Six years ago, Shantell Roberts experienced every parent’s biggest nightmare: After a very brief illness, her 1-year-old daughter died from a viral infection. Since then, she has committed her life to advocating for the health of babies and mothers and, in 2012, established Touching Young Lives (TYL), a nonprofit improving the well being of infants and children through public education.
“I was not the first or the last mother to experience a painful and tragic loss,”she says. “But I chose to turn my pain into a purpose.”
Roberts now sits on the advisory board for the University of Maryland Department of Pediatrics’ Center for Infant and Child Loss. She is also currently a safe sleep coordinator for Baltimore City under the B’more for Healthy Babies Safe Sleep Initiative. In this role, she accepts referrals from families in need and supplies them with a Pack-n-Play.

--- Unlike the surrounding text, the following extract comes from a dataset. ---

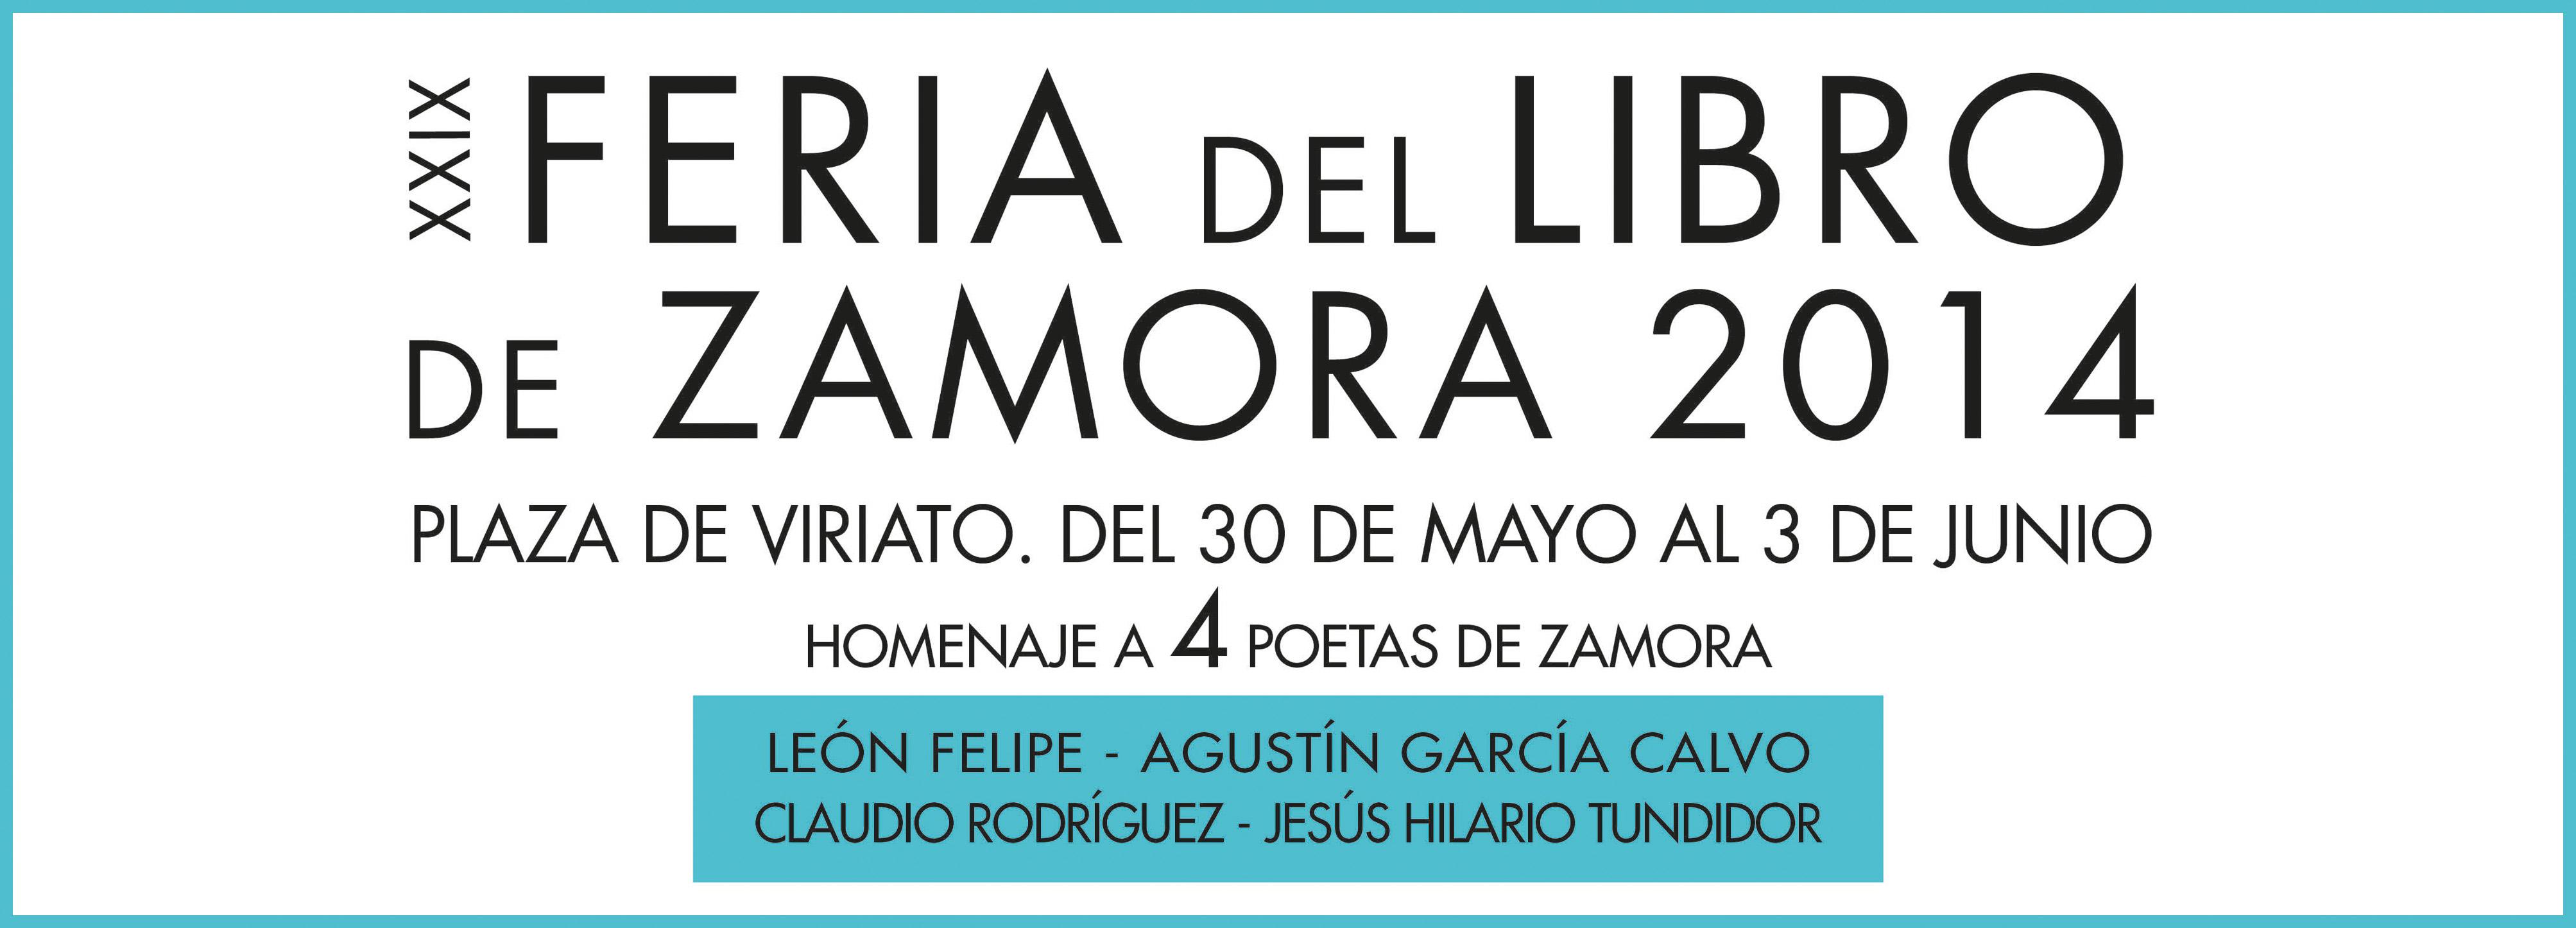 Feria del Libro 2014 en Zamora

“Two major issues that I encountered in this position: the Pack-n-Play being too large for some living spaces,” she says. “And not being able to serve families outside of Baltimore City.”
According to the Baltimore City Health Department, the city experienced the lowest infant mortality rate on record in 2015: 8.4 per 1,000 live births—a 19 percent decline from 2014. But there is still work to do, especially when its to comes to Sudden Infant Death Syndrome (SIDS), which was responsible for 64 percent of infant deaths in 2015 and usually occurs during sleep.
While researching alternative sleeping spaces for infants, Roberts stumbled across a baby box used by pediatrician Dr. Megan Heere at Temple University Hospital, who got the idea from the Finnish.
Since the 1930s, expectant mothers in Finland have been given a box by the state that includes clothes, sheets, and toys using the empty box as a bed. It has helped the country achieve one of the world’s lowest infant mortality rates, so Roberts was inspired to replicate the same practice in Maryland
She developed the Portable Alternative Crib (PAC) for expectant mothers and caregivers, which will be a box with maternal self-care items and infant care products. But unlike its Finnish predecessor, Robert’s PAC features a mattress at the bottom of the box to serve as a baby’s first bed.
“It’s safe sleep for your baby in its simplest form,” she says. “A baby should sleep alone on their backs with nothing around them, and this provides that safety.”
In order to put her dream in motion, Roberts attended a free boot camp at Johns Hopkins Social Innovation Lab to learn techniques to implement her product. While in boot camp, she noticed the innovation lab was still accepting applications for the next cohort, so she applied and was accepted.
As a participant in the incubator, Roberts and nine others each received $1,000 to work on furthering their ideas. At the end of the program, Roberts received an additional $25,000 in seed funding to continue her work on the PAC. For every one sold, an additional PAC will be given to a family in need—and Roberts hopes to provide the product to homeless mothers in the future.
“I want to show that anybody, at any economic level can use this baby box,” she says. “My mission has always been to prevent others from experiencing the same pain that I did.”